Amongst the main four, Jacob actually has the most development in the movie, and that’s a bit of a problem. You’d think we’d learn most about Newt in the first outing. In future films, hopefully, we’ll get to learn a lot more about the Magizoologist, Tina, and Queenie.
There are a few flaws in Rowling’s screenplay. For example, MACUSA’s interest in keeping Wizards and Witches out of the way of No-Majs isn’t fully fleshed out. Okay, Seraphina and her government don’t want the two types of people to mix, but why? MACUSA’s issues are not explained enough to warrant such an angry response to Newt causing trouble. To get more information, one must visit Pottermore.com and read additional writing by Rowling about Rappaport’s Law.
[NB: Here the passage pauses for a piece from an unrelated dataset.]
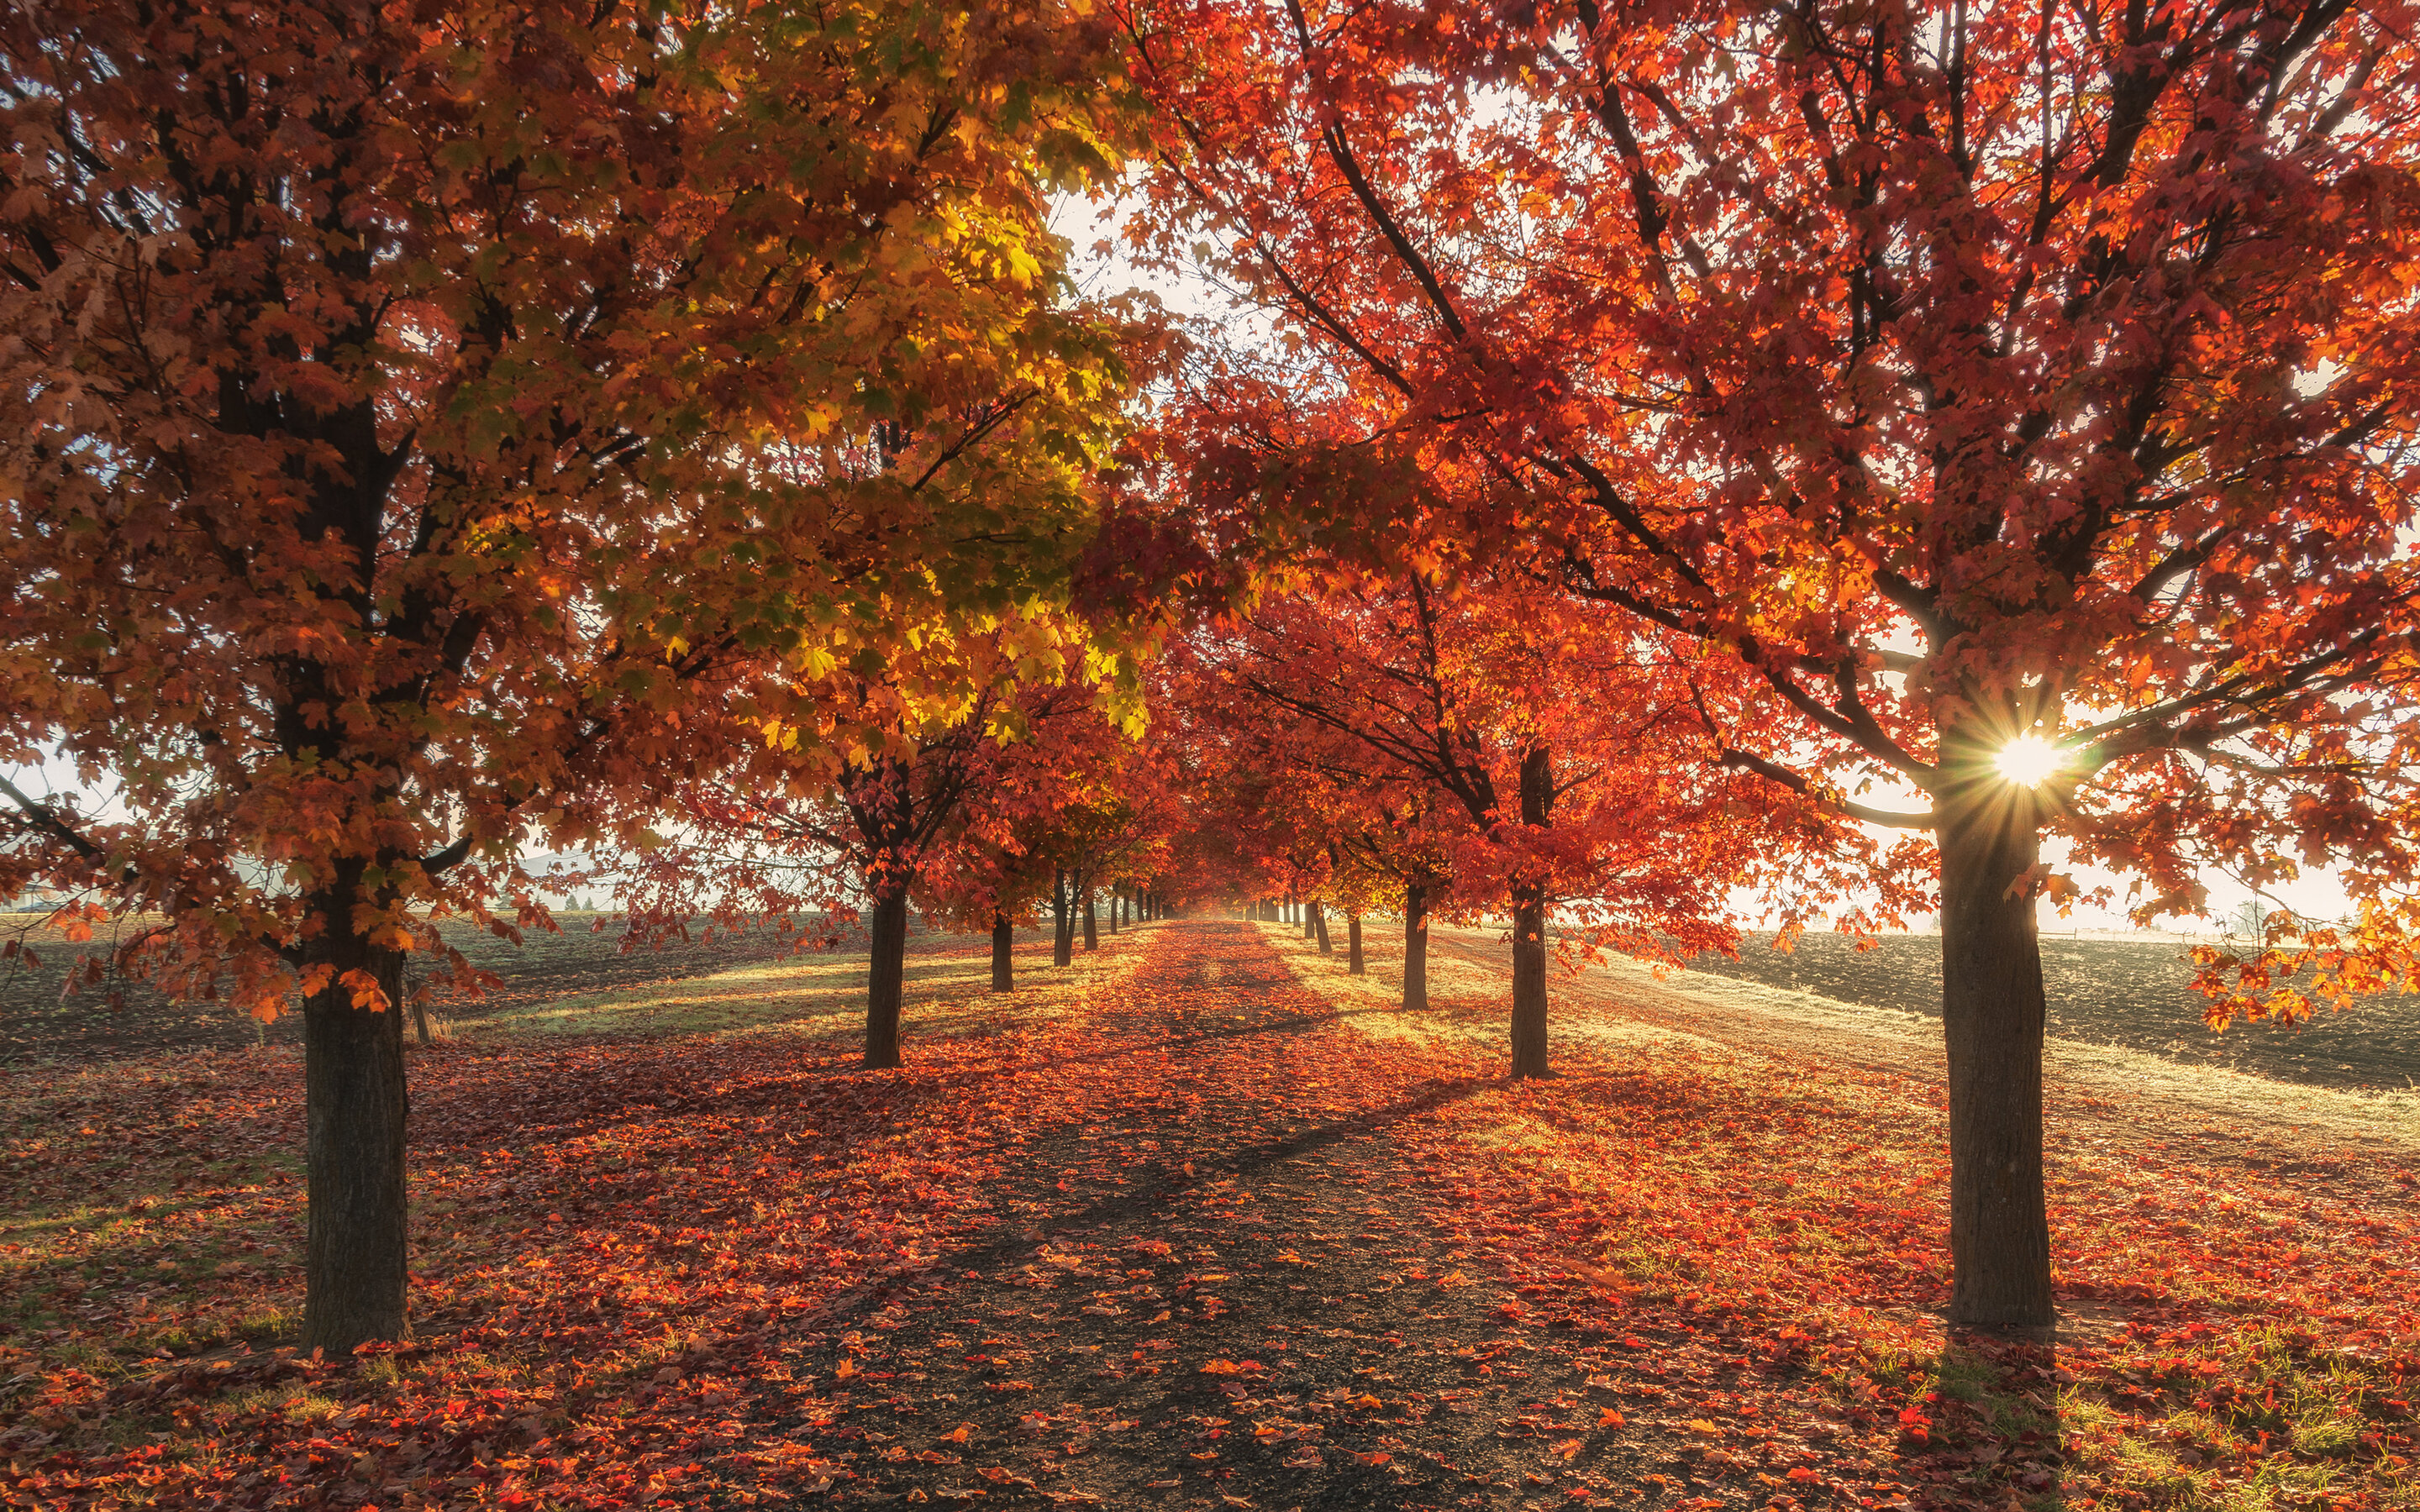 Autumn Fall Season Trees 4k Macbook Pro Retina HD 4k Wallpaper, Image, Background, Photo and Picture

Then there’s the former Auror Tina, who is shockingly flat. The character is very boring and the acting is lazy. I don’t know if we should blame Rowling or actress Katherine Waterston for the issues here.
The pacing in the movie could’ve been a lot better, and will hopefully be improved in future movies. I didn’t love how much time was spent on recapturing the beasts that fell out of Newt’s suitcase. I was more interested in the dark forces rather than “two more beasts to capture!” and “one more beasts to capture!” (I’m paraphrasing, but they do count down to remind us that this film is moving along).
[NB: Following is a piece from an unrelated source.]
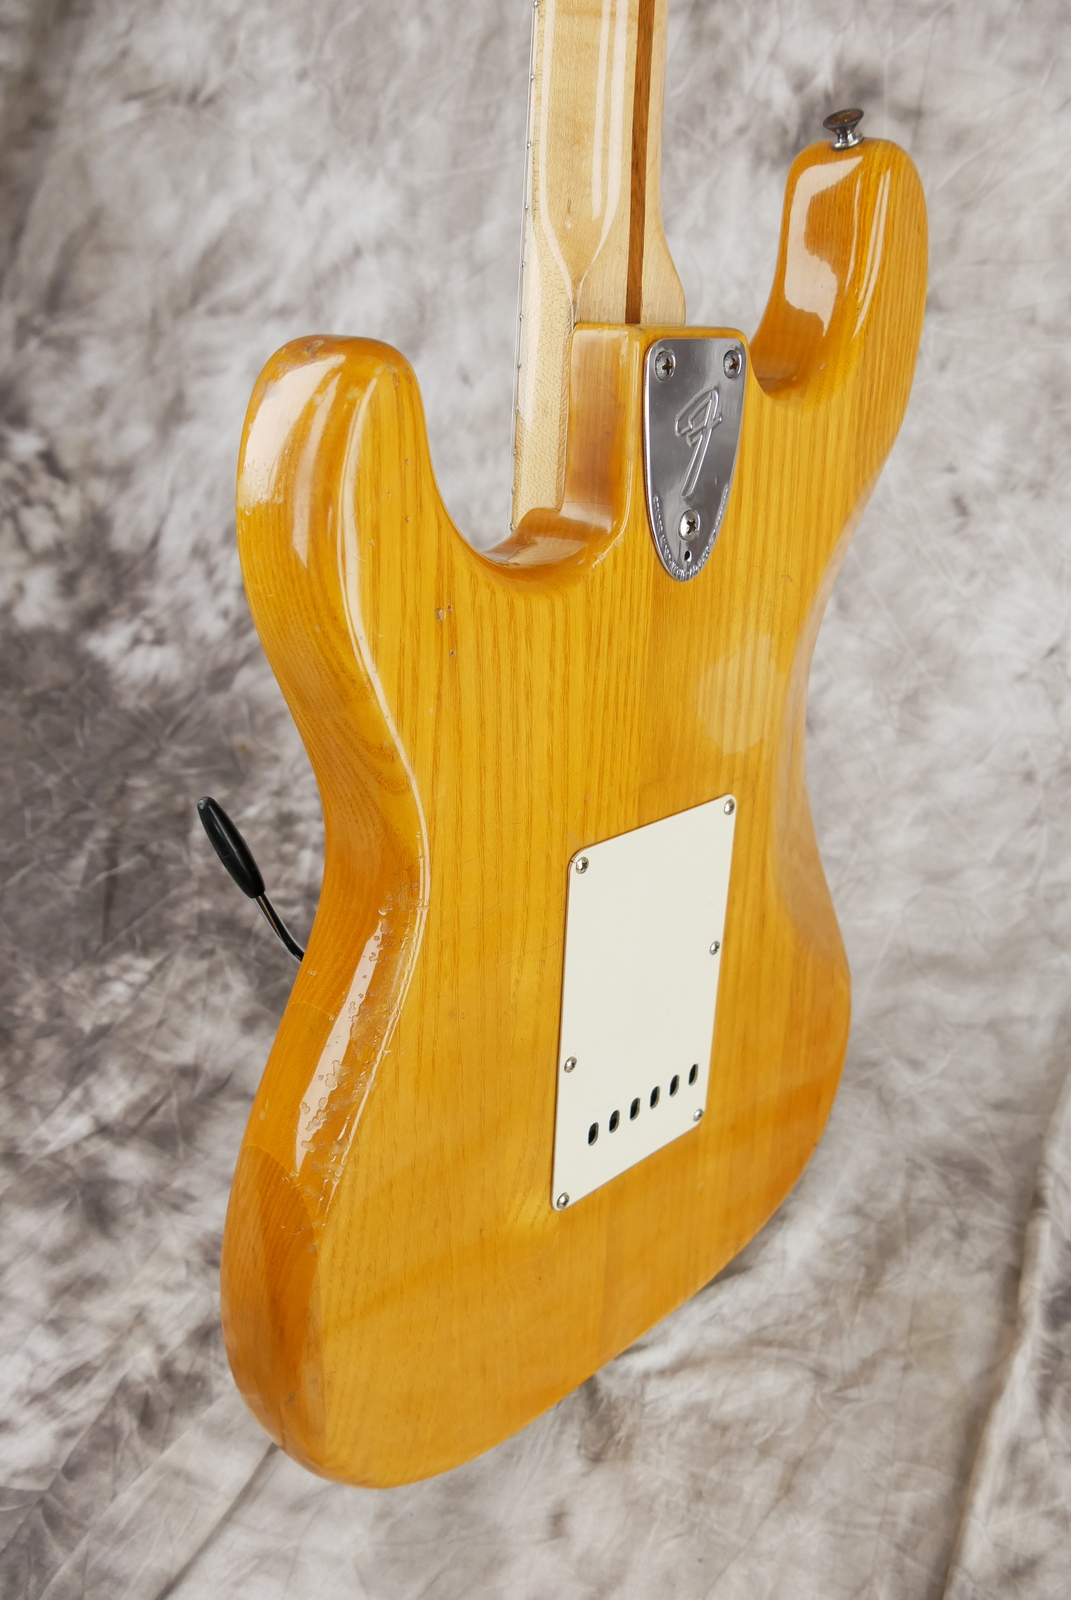 Fender_Stratocaster_10_piece_body_natural_USA_1977-007.JPG

Also frustrating: How much time was spent on a little beast called the Niffler. Yes, the creature is adorable, but there were too many scenes where we we’re supposed to sit back and watch him be cute.
I’m sure Rowling’s filmmaking skills will only improve from here. Cursed Child may’ve left a bad taste in your mouth over the summer, but Fantastic Beasts will cleanse the palette, leaving you with a delicious new treat from the Harry Potter writer. And yes, despite being set in the 1920’s, it does feel quite new. It’s refreshing to see the Wizarding World purely from the perspective of adult wizards and witches (who, evidently, rely on apparition a LOT).
Most importantly, Rowling has introduced several intriguing characters, forms of magic, and loose ends which are sure to leave fandom theorizing for months, as if this is a new Harry Potter book. Adding to the fun, the same-day release of the script book is sure to give us additional material to dive into, as Rowling said at last weekend’s Lumos charity event that her script is more detailed than a typical script.
By the end of the film you’ll be hit with a Harry Potter-level twist that left my audience gasping and applauding. Welcome back to the days of JKR-penned bombshells, everyone.
A second or third re-watch of the movie should turn up foreshadowing about certain elements that we may’ve missed on first watch. Surely there are other easter eggs that will make more sense in Fantastic Beasts 2 and beyond — teasing the future is sorta Rowling’s thing. And so are numbers! This writer got giddy when a “12” was referenced.
Rowling has successfully brought her novel writing skills into the world of filmmaking, and the Harry Potter fandom is sure to feel reinvigorated. I can’t wait to watch this movie again and continuing analyzing it.